The Flower Power of Love

The trees over head lightly sang their rustling songs.  Women of all ages and walks of life drifted beneath their dance with momentary laughter and joy that comes when we gather together, outside of the normal routine and away from the noises of life.  The sound of oars dipping into the lake and creaking cabin doors could occasionally be heard as the women descended from lunch to team building time.  And a sense of freshness, as crisp and clean as the blackhills air, filled my lungs and my heart.

This realization that we live in a society that has isolated itself from one another in community suddenly hit me.  No longer do we have even the desire really to work on projects and experience the natural connection that brings.  So often we walk shoulder to shoulder in our silent prisons in the church, in life, at work.  Not really even afraid to break down those walls and connect...more like blinded to the reality that 1) the walls are there keeping us from one another and 2)  there is a way to connect on a deeper level.  We smile and nod and laugh and share life but usually only so deep. 

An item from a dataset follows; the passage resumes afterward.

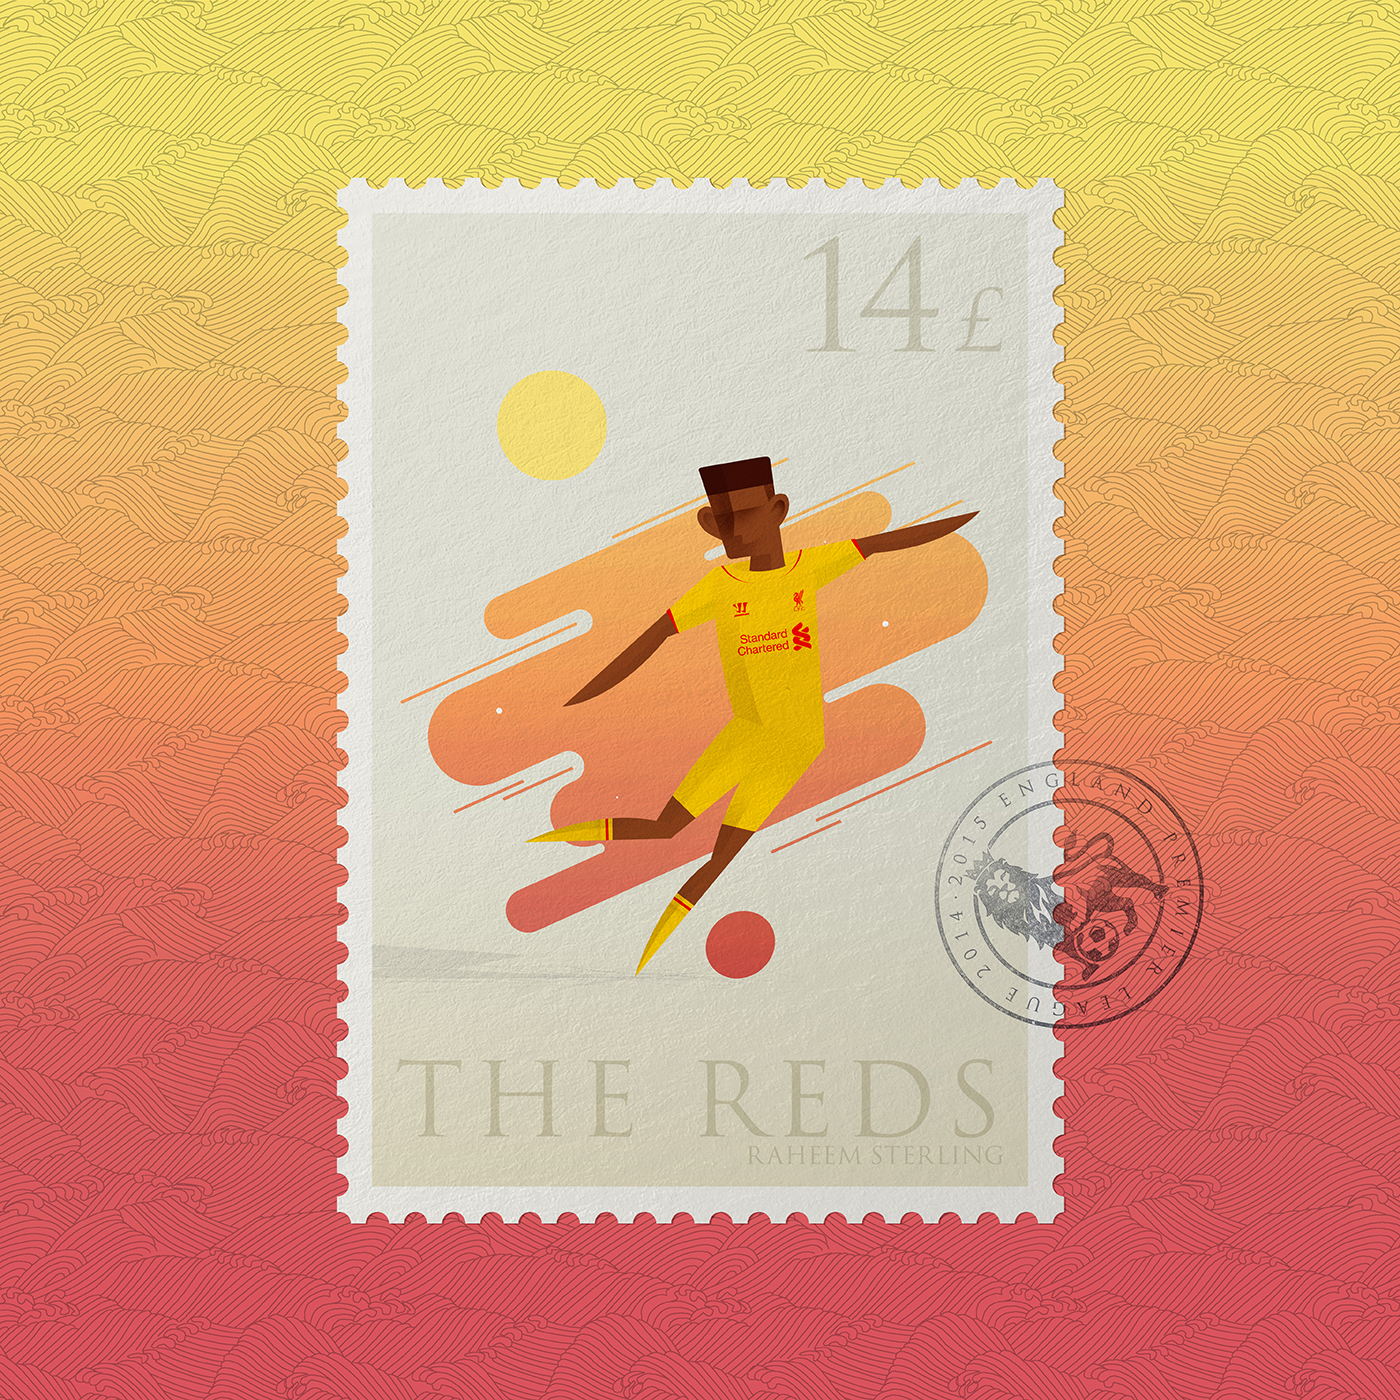 Premier League stamps Postage kompany alexis sanchez rooney sterling Schurrle adebayor arsenal gooners red devils man united Man City

 I stood before my mine field of hastily strewn items thinking about this, about these women I have seen roaming church and never quite connected with.  My activity was to have people pair up with a blind fold and then work as a team to get across the minefield each person at different times blind folded and only able to respond by listening to the voice of their team mate.  The mine fields were things in life that throw us off track.  Each group of women shared some of their struggles and then they were off, listening, clarifying, failing and ultimately succeeding.

The first group sat discussing what it was like to have to trust a voice you couldn't see or feel to maneuver through a field of stuff.  One woman had a particularly hard time at one point and hit several of the items.  I asked her how she felt and she said she felt bad like she had let the team down.  Suddenly the thought of grace and Mario Brothers came to my mind and I asked, "When you hit the mines what actually happened?  Did you fail? Did you die? were points added against you? did you have to start over?"  The answer to all of these was no.  "Did you learn to communicate and listen and trust your partner more?" And the answer was yes.

We then talked about how the mine fields were actually like point systems in mario brothers and each one you stepped on, because of God's grace and love, was actually a point a for your team.  Like flower power!  I talked about how often I have looked ahead at my life and different things and feared stepping on them, or making mistakes.  But that in reality there is no bomb or choice I can make that God's grace doesn't already cover.  There is no mistake He doesn't turn into a blessing for me as He and I  wrestle through it together.

As we talked one of the women began to cry, sharing how she was struggling, continually messing up and making bad choices and feeling like a failure.  We were then able to pray for her and reassure her of God's grace and mercy and work in her life and how Christ had turned 'bombs' we had activated in our own lives into blessings.

As the day drew to a close we found ourselves seated for another speaker who shared how she was coping with a devastating season in her family.  Her husband was recently and very suddenly paralyzed, yet in the midst of this she has been able to experience God's presence in a way so tangible that she would give up everything to be deeper in his loving presence.  She challenged us to lay out all our burdens to God and then wait in expectancy for Him to come.

To cry out before God and others.  To strip ourselves of our masks and get honest.  There are certain sins I want,  I pray for forgiveness but I am planning on going back to them.  There are areas of my life I feel God has failed me.  There are corners of my heart I don't want to look at, things I believe are wrong and unfair, promises that appear to have not been kept.  These perhaps are the secret land mines of my heart.  The bombs I don't want to say to God, or acknowledge exist because they may destroy my faith, cause me to feel pain or force me to wrestle to work to understand.  Part of me thinks that if I get real in this part of me God won't show up. He won't answer.  But then we read Psalm 73 and the psalmist gets real with struggle and what he sees and feels.  Then he enters the sanctuary of the Lord and finally understands.  

So I start to strip down before these women, to get real with them., and as I do...  As I connect my heart to theirs and share my fears, struggles, pain, unanswered questions...I start to see their pain too. I hear their stories of what they have done and what has been done to them.  And as we speak it all falls out like baggage filling the sanctuary.  Then we stop.  Quietly singing begins, our voices join together in the worship of our king and the heaviness of all we have held in and just laid out, starts to burn away as we sing about and focus on the beauty of our king, the power of His grace and mercy and never ending kindness to us.  The beauty of knowing I am standing with women warriors and that we are united with one voice before our King, sends shivers of beauty down my spine.  These are women I may never know deeply, but some that I will...worshipping...warring... and as we do we see Christ enter into the sanctuary and strip down to his bare chest..fighting for us, removing our burdens.

  It hits me----this is one way that God turns our land mines into blessings.  He lets us connect with others, we share our pain and joy and we begin to see our Savior stripping down and fighting for us and it transforms us.  Transforms our hearts as we connect we see Him more clearly as well as ourselves and our situations.  Connection----love's flower power.